■ TASK DIRECTIONS
Starting at the line that contains "Fantástico Objetivo De" and stopping at the line that contains "2007 Chevrolet Monte", transcribe every line of the material below exactly; pictures stay out.

■ SOURCE DATA
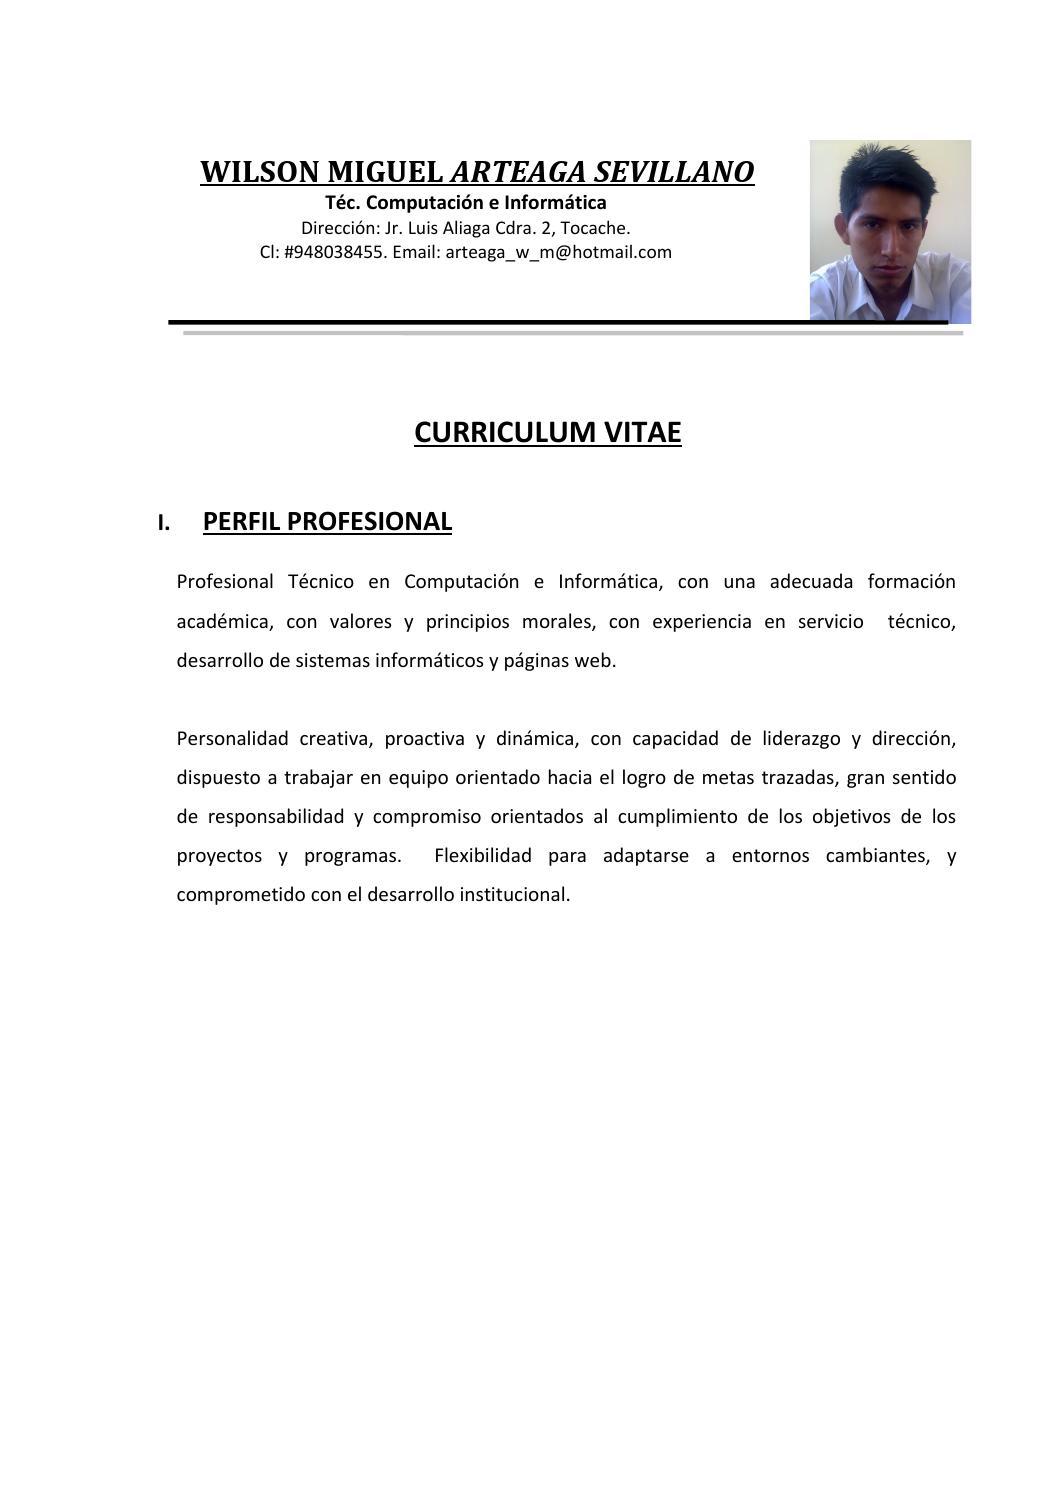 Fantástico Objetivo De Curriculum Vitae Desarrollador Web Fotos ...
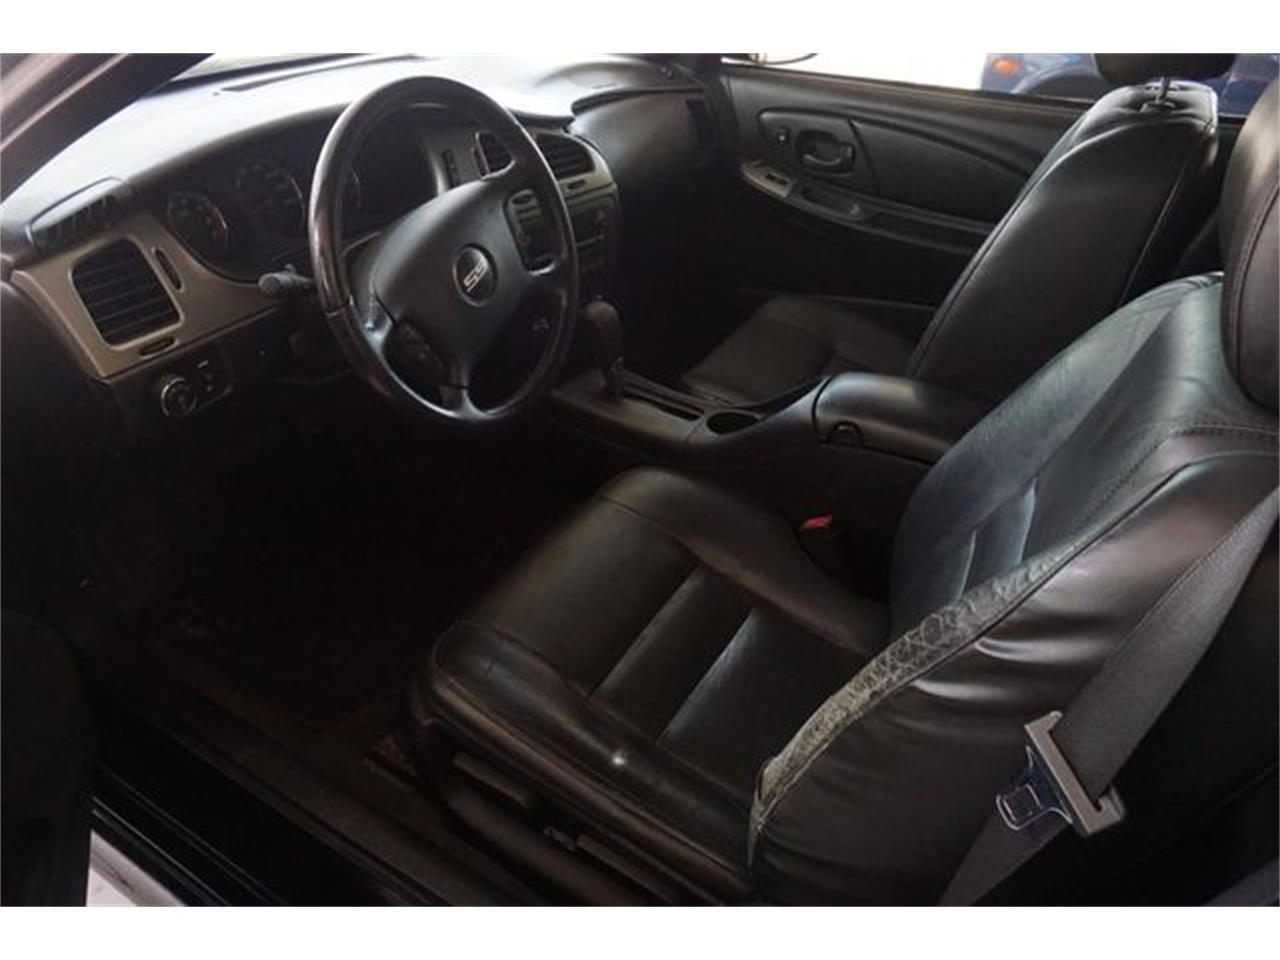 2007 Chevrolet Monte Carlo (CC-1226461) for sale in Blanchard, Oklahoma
---
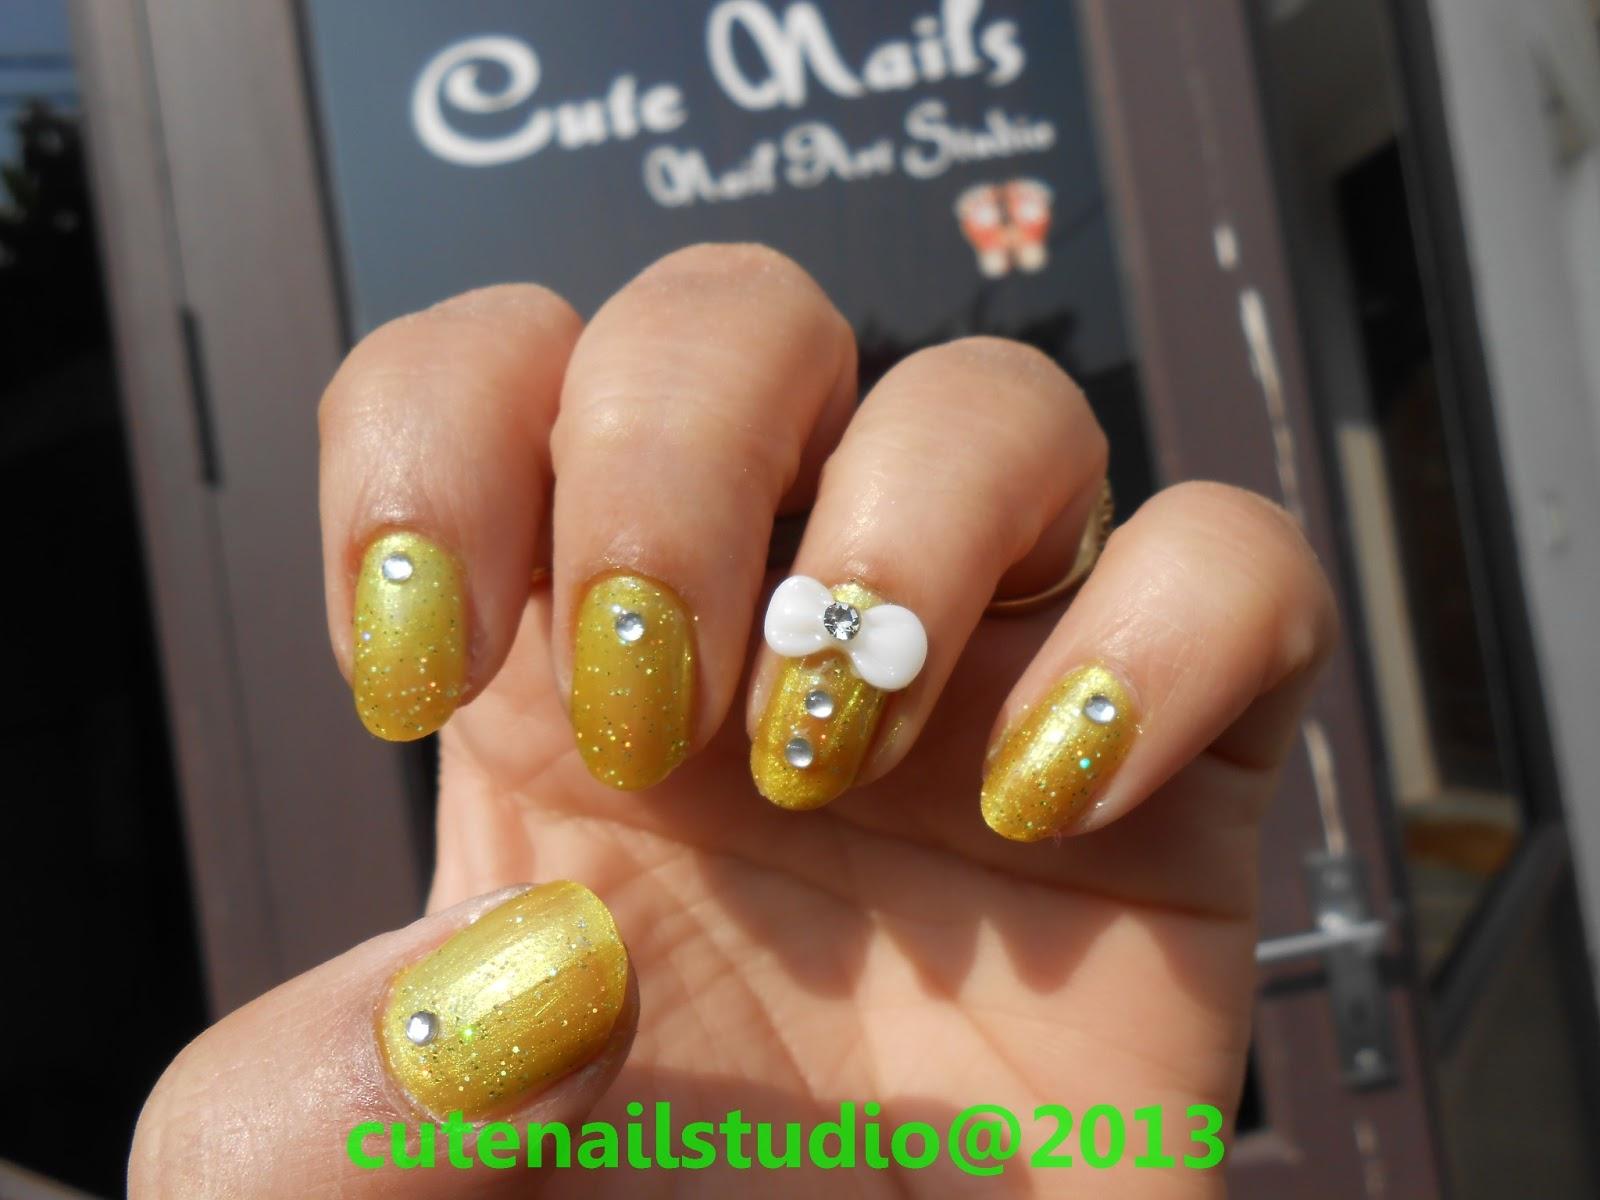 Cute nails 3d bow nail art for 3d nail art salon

■ COMPLETED EXERCISE
 Fantástico Objetivo De Curriculum Vitae Desarrollador Web Fotos ...
 2007 Chevrolet Monte Carlo (CC-1226461) for sale in Blanchard, Oklahoma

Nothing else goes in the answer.